--- Data block ---

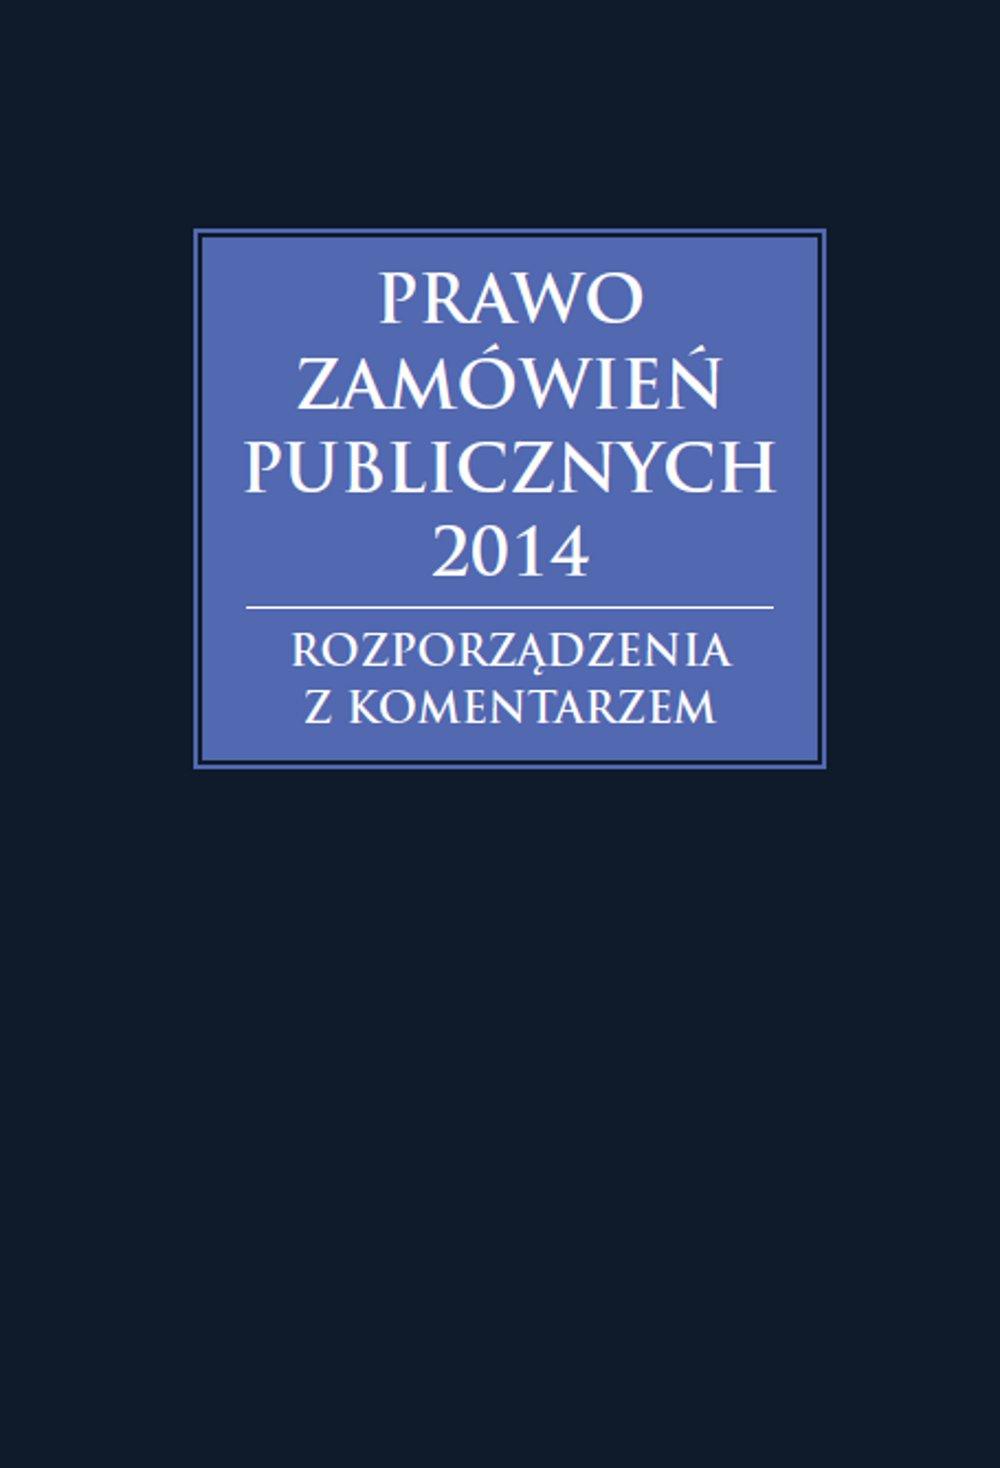 Prawo zamówień publicznych 2014. Rozporządzenia z komentarzem - Ebook (Książka PDF) do pobrania w formacie PDF
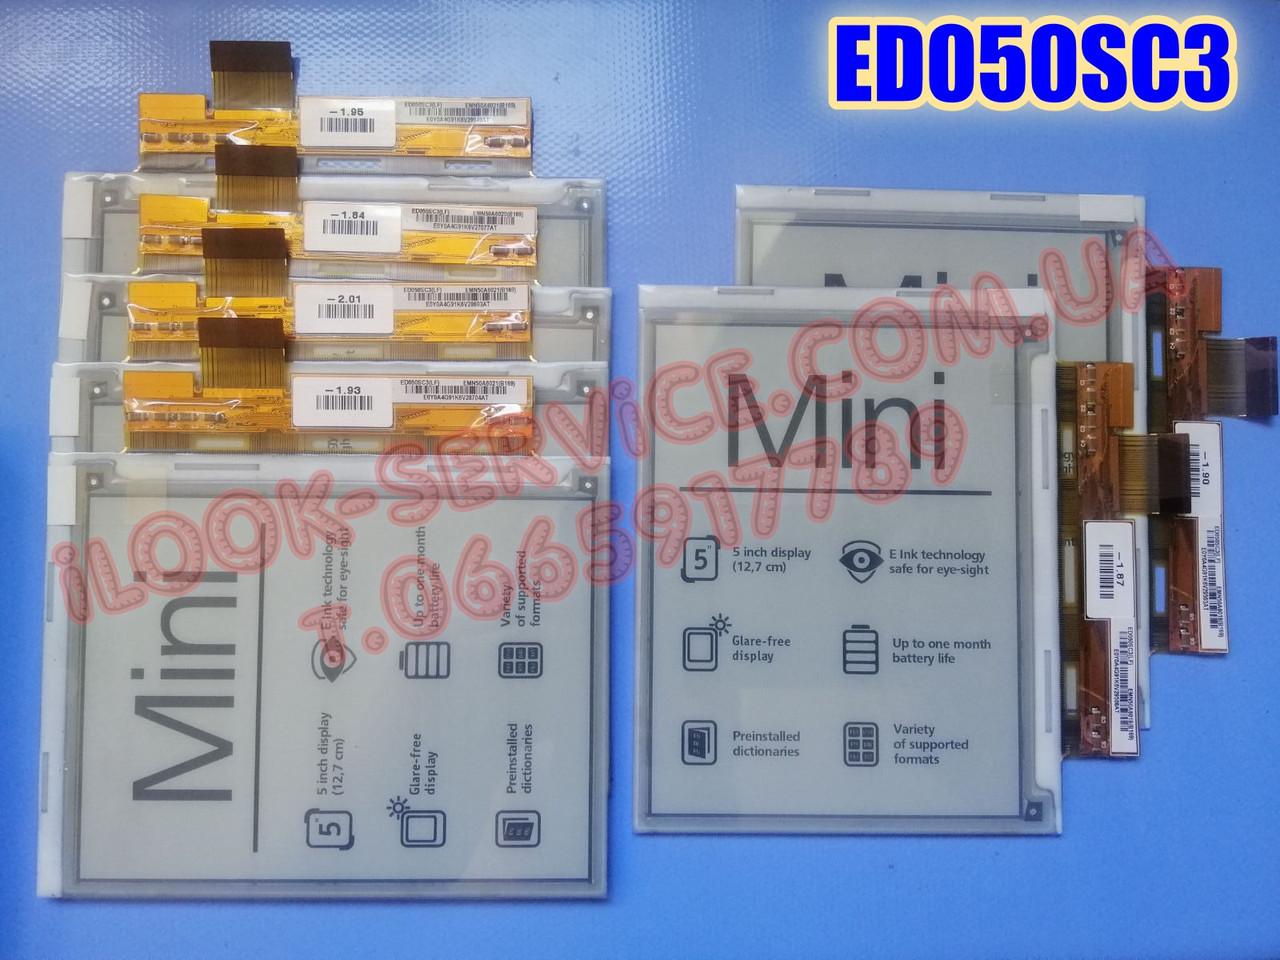 Матриця Екран Дисплей ED050SC3 для електронної книги Pocketbook 515 Mini
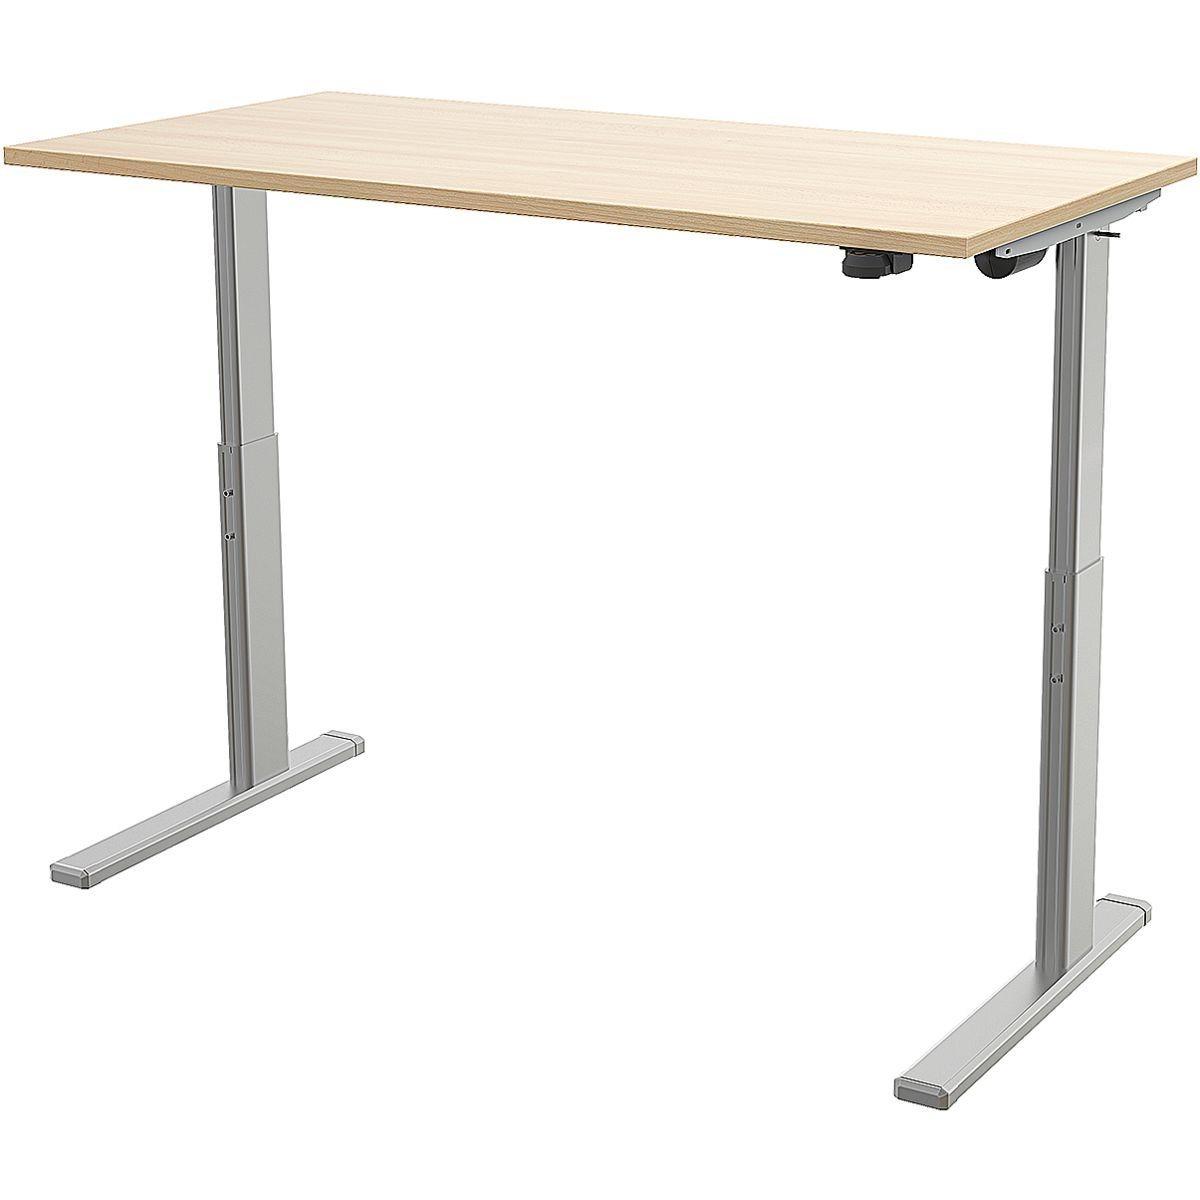 Büro » Bürotische online kaufen | Möbel-Suchmaschine | ladendirekt.de
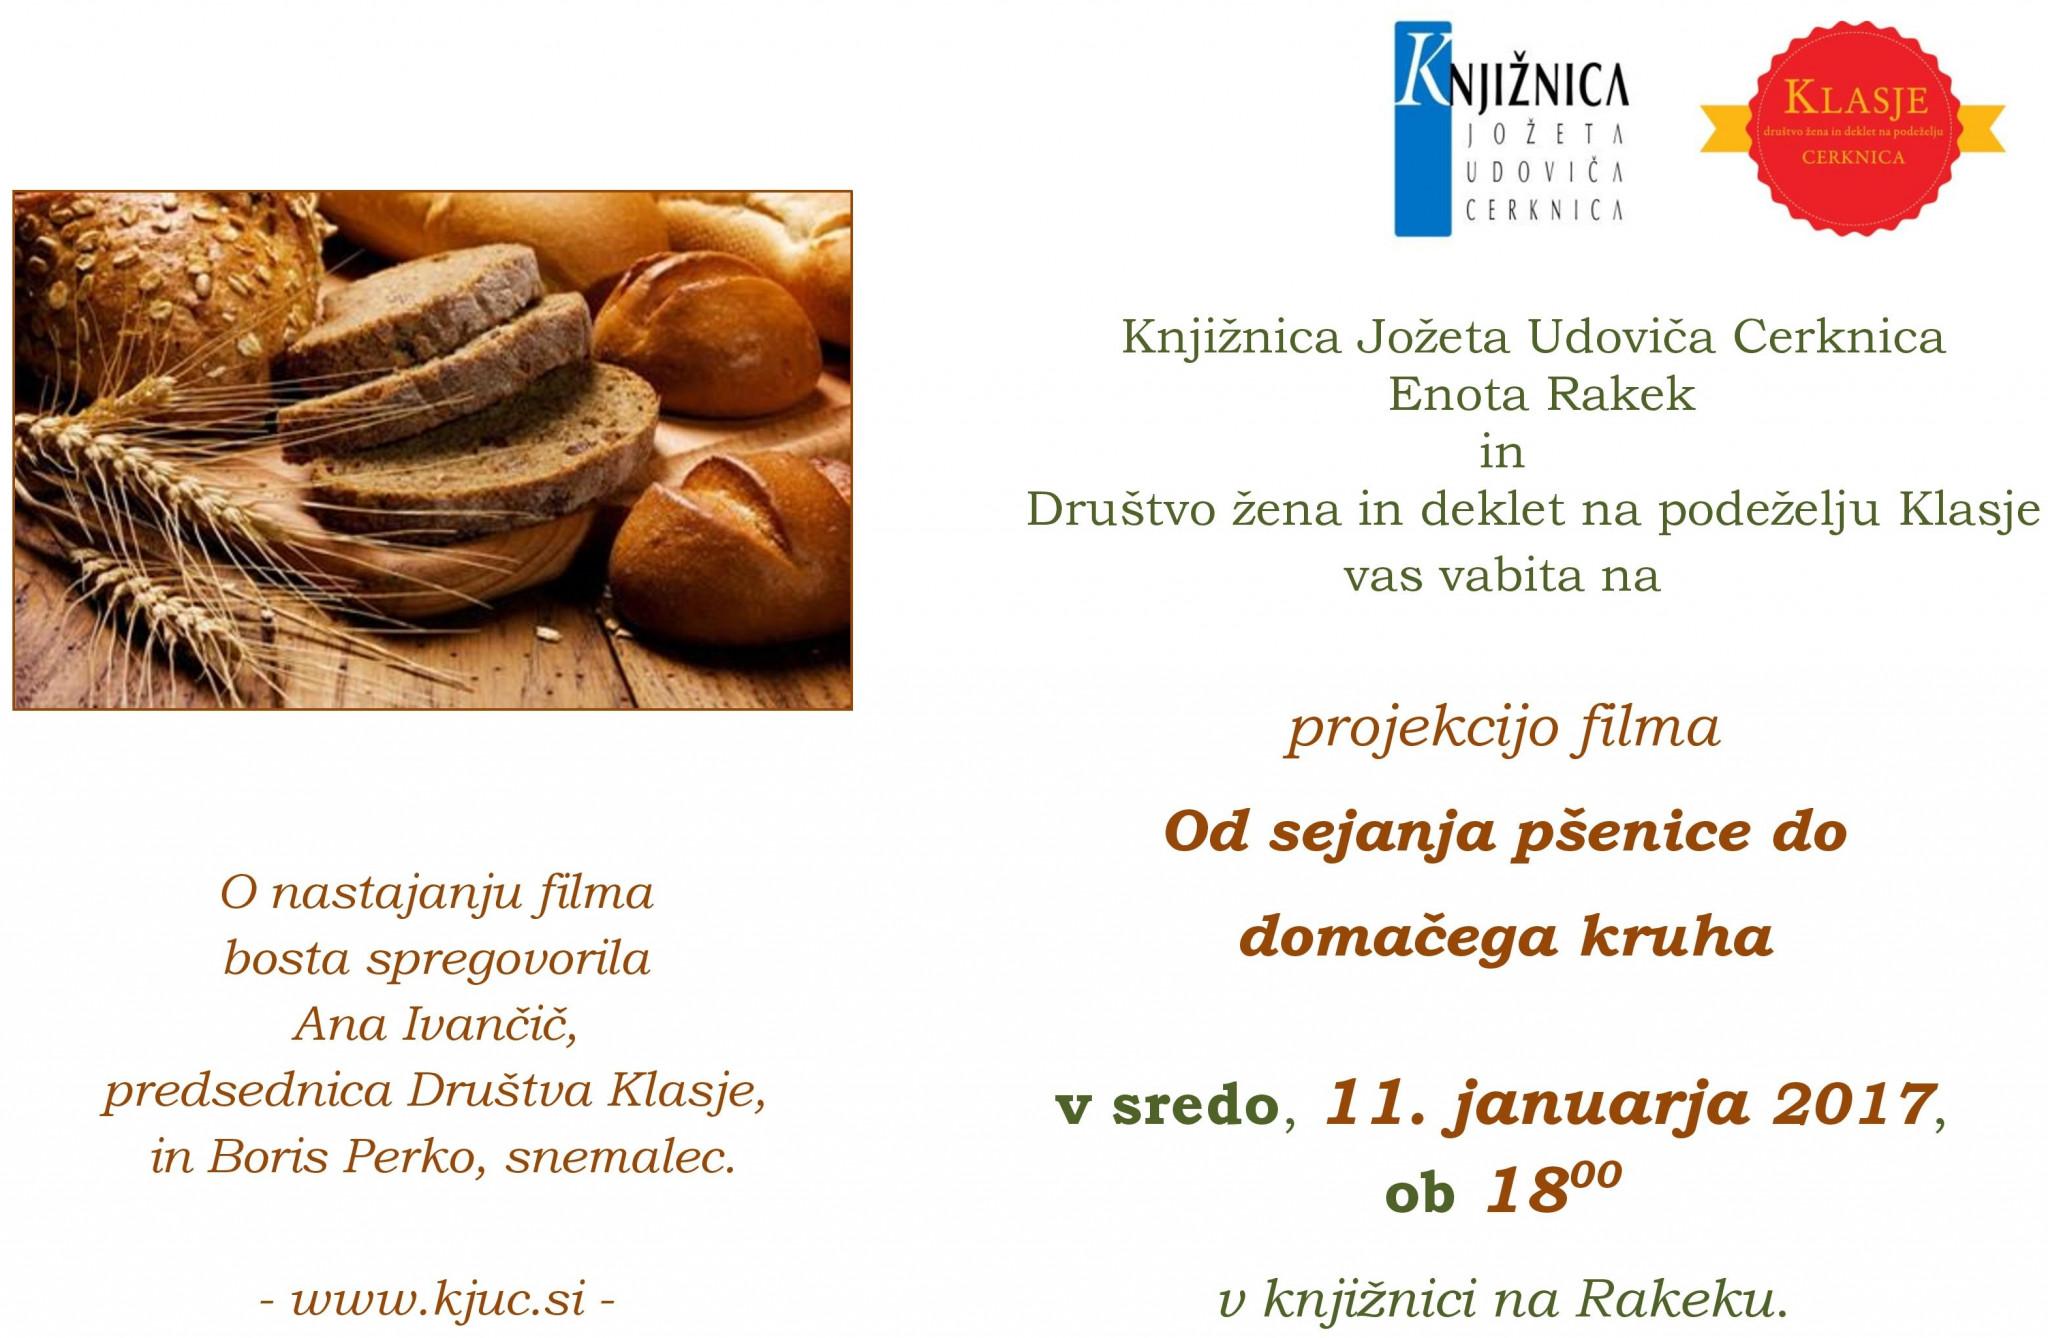 cover 3 - Projekcija filma: Od sejanja pšenice do domačega kruha

--- The task ---
The answer must consist solely of the lines from the one with "Möbel-Suchmaschine | ladendirekt.de" through the final line of the data, each reproduced exactly and with pictures omitted.

--- Reply to the exercise ---
 Büro » Bürotische online kaufen | Möbel-Suchmaschine | ladendirekt.de
 cover 3 - Projekcija filma: Od sejanja pšenice do domačega kruha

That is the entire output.